Studio album by Zach Bryan
- Released: July 4, 2024
- Genres: Americana; Heartland rock; Red Dirt; Folk;
- Length: 62:59
- Labels: Belting Bronco; Warner;
- Producers: Chris Braun; Zach Bryan; Jacquire King; John Mayer; Scott Zhang;

Zach Bryan chronology
| Boys of Faith (2023) | The Great American Bar Scene (2024) | 24 (Live) (2024) |

Singles from The Great American Bar Scene
- "Pink Skies" Released: May 24, 2024;

= The Great American Bar Scene =

The Great American Bar Scene is the fifth studio album by American singer-songwriter Zach Bryan, released on July 4, 2024, through Belting Bronco and Warner. The album was released just over 10 months after his self-titled 2023 album, and was preceded by the single "Pink Skies". It features guest appearances from Noeline Hofmann, John Moreland, John Mayer, Bruce Springsteen, and Watchhouse.

==Background==
On April 1, 2024, the website Whiskey Riff announced the release of the album for June and features from Mayer, Springsteen and the Avett Brothers as an April Fool's joke. Bryan officially announced the record the following month, with features from Mayer and Springsteen.

==Critical reception==

The Great American Bar Scene received a score of 73 out of 100 on review aggregator Metacritic based on six critics' reviews, which the website categorized as "generally favorable" reception.

Billboards Melinda Newman felt that "the album feels less overstuffed than American Heartbreak, but could have still used a trim or two given the relative sameness in the sound of the tracks", although the songs "continue to deliver an emotional wallop thanks to his economical, but cinematic, trenchant lyrics". Chris Willman of Variety wrote that The Great American Bar Scene "actually feels a lot less stark than last year's self-titled record did" and there is "no mistaking how much the spirit of Springsteen looms over the album, as much as it has over much of Bryan's short, meteoric career to date".
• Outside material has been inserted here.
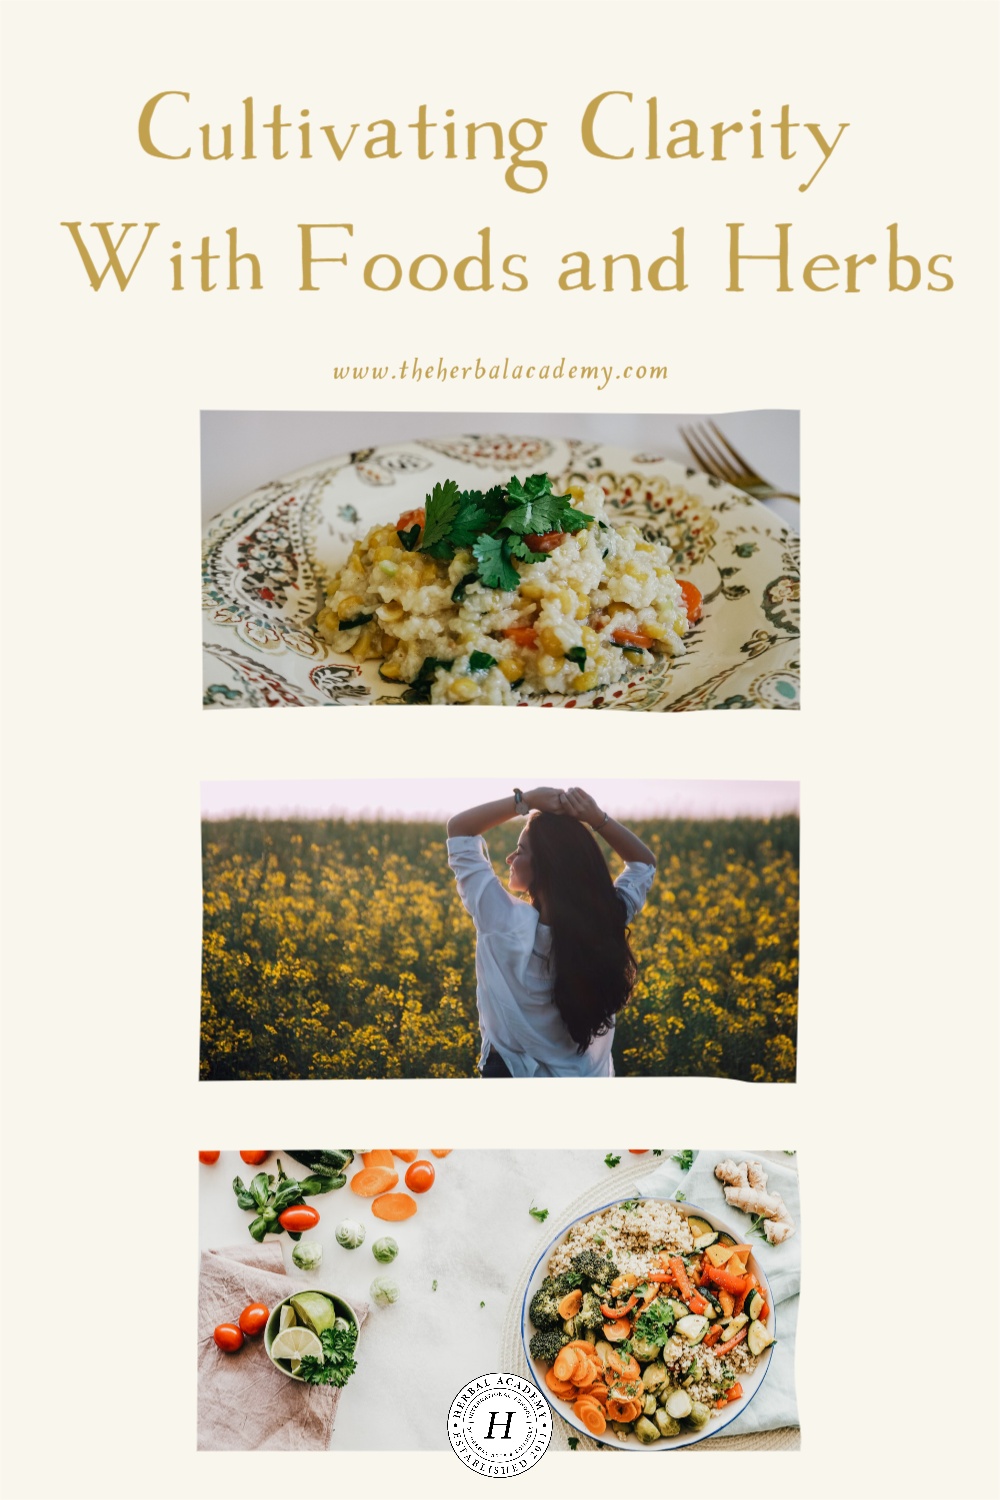 Cultivating Clarity With Foods and Herbs | Herbal Academy | Foods and herbs that are wholesome and refreshing can serve in leading a lifestyle that emphasizes truth, clarity, and luminosity.

Claire Shaffer of Pitchfork felt that the album "adds to the Zach Bryan formula by taking on a wider lens, weaving his personal struggles and triumphs into the greater legacy of lost souls and camaraderie found in America's watering holes". Jonathan Bernstein of Rolling Stone acclaimed Bryan's "writing that blends endearing Kerouac cosplay, Instagram poetry, and Proustian profundity, sometimes from one line to the next" on tracks that "feel like a batch of old friends largely because of Bryan's other magical gift: his knack for absorbing and transforming his many influences into something that feels uniquely his own". Country Chords Brennen Kelly wrote that "this record is not about the titular great, American bar scene but instead is about all of the stories swapped, memories made and people met there", noting that Bryan crafted narratives that would be brought up in quiet conversations at a bar.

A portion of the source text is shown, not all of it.